Digital footprint audit
A structured check of your search results and public profiles to see what first impression you are currently making online.
Ego-search
Searching your own name (and related details) on search engines to see what others might find about you.
High-visibility asset
Any online result (like LinkedIn, a public social profile, or a portfolio) that appears near the top of search results and strongly shapes your first impression.
Public vs. private content
Public content is visible to anyone on the internet; private content is limited to approved followers, friends, or specific groups based on your privacy settings.
Positive / neutral / risky content
A simple way to classify online items: positive supports your brand, neutral doesn’t help or hurt much, and risky can damage your reputation or opportunities.

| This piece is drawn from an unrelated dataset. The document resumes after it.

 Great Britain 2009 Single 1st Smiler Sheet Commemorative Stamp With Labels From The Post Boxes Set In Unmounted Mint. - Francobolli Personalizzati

Gap (in your digital footprint)
Something positive that is missing from your online presence, such as no visible examples of your skills, projects, or interests.

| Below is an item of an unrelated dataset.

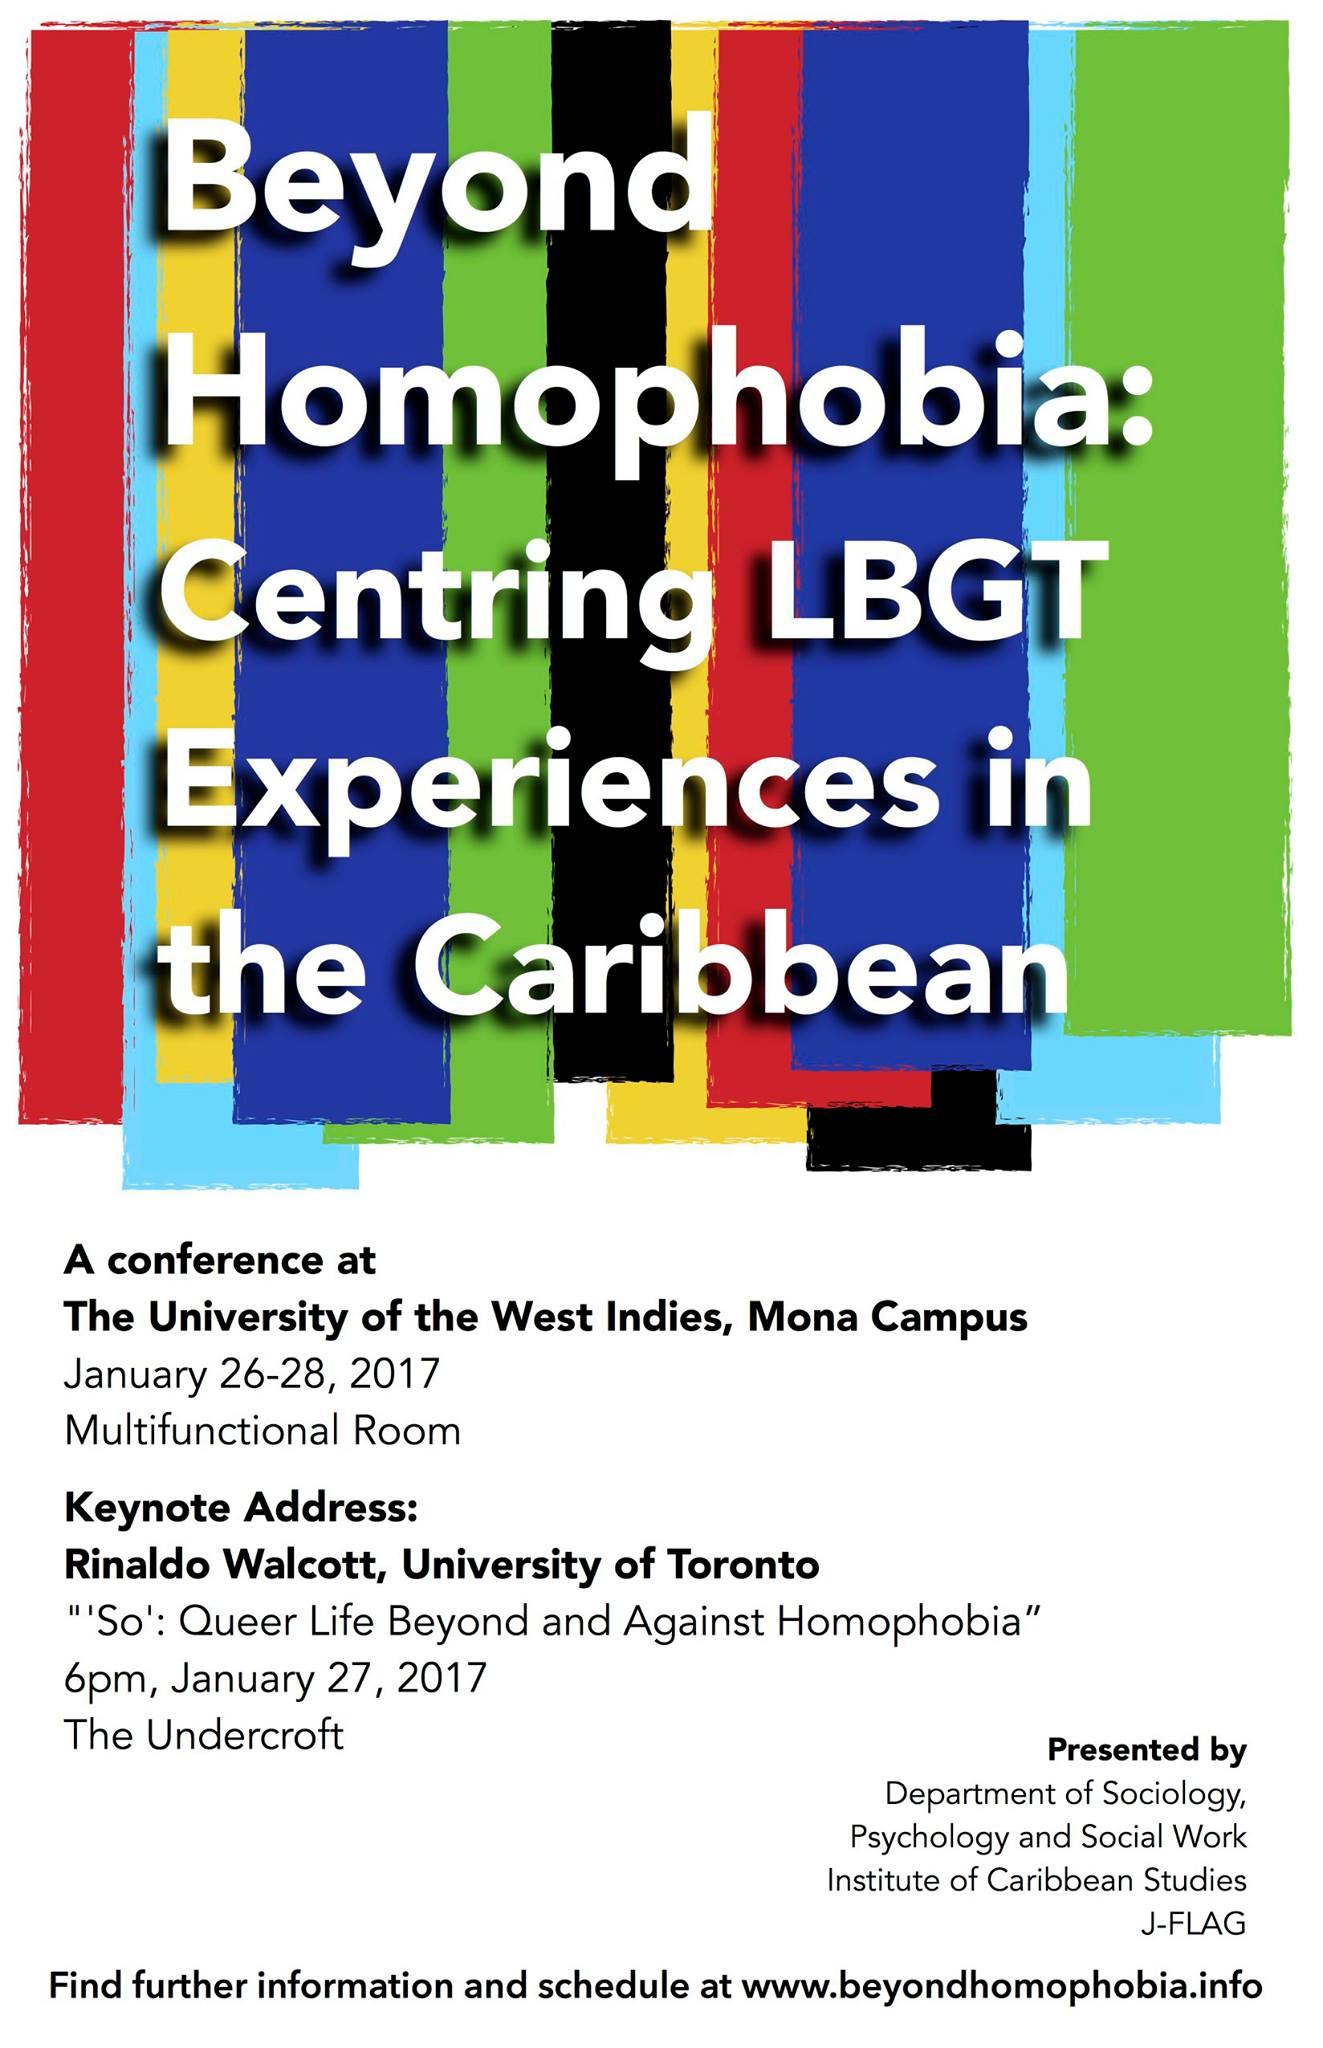 Beyond Homophobia: Centring LGBT Experiences in the Caribbean

Risk (in your digital footprint)
Any online content that could harm your reputation or opportunities if seen by teachers, admissions officers, or employers.

Key Terms

gap
A missing piece in your digital footprint where positive, brand-supporting content should be visible but is not.
risk
Any existing online item that might negatively affect how teachers, admissions officers, or employers view you.
ego-search
Searching your own name, and sometimes extra details like city or school, to see what appears about you on search engines.
risky content
Online content that could damage your reputation or opportunities, including offensive jokes, bullying, illegal behavior, or very personal/embarrassing material.
personal brand
The clear idea of who you are, what you stand for, and what you want to be known for, especially in academic or professional contexts.
public content
Online information that can be seen by anyone, even if they are not logged in or connected to you as a friend or follower.
neutral content
Online content that neither strongly helps nor harms your personal brand, such as generic memes or non-controversial casual posts.
private content
Online information that is restricted to approved viewers, such as friends, followers, or specific groups, based on your privacy settings.
positive content
Online content that supports your personal brand and goals, such as projects, achievements, or respectful, thoughtful posts.
digital footprint
All the information about a person that exists online, created by them or by others, including posts, photos, comments, profiles, and mentions.
high-visibility asset
An online result that appears prominently in search (often on the first page) and strongly influences how others see you, such as LinkedIn, a portfolio, or a public social profile.
digital footprint audit
A structured review of your search results and public profiles to understand the first impression you currently make online.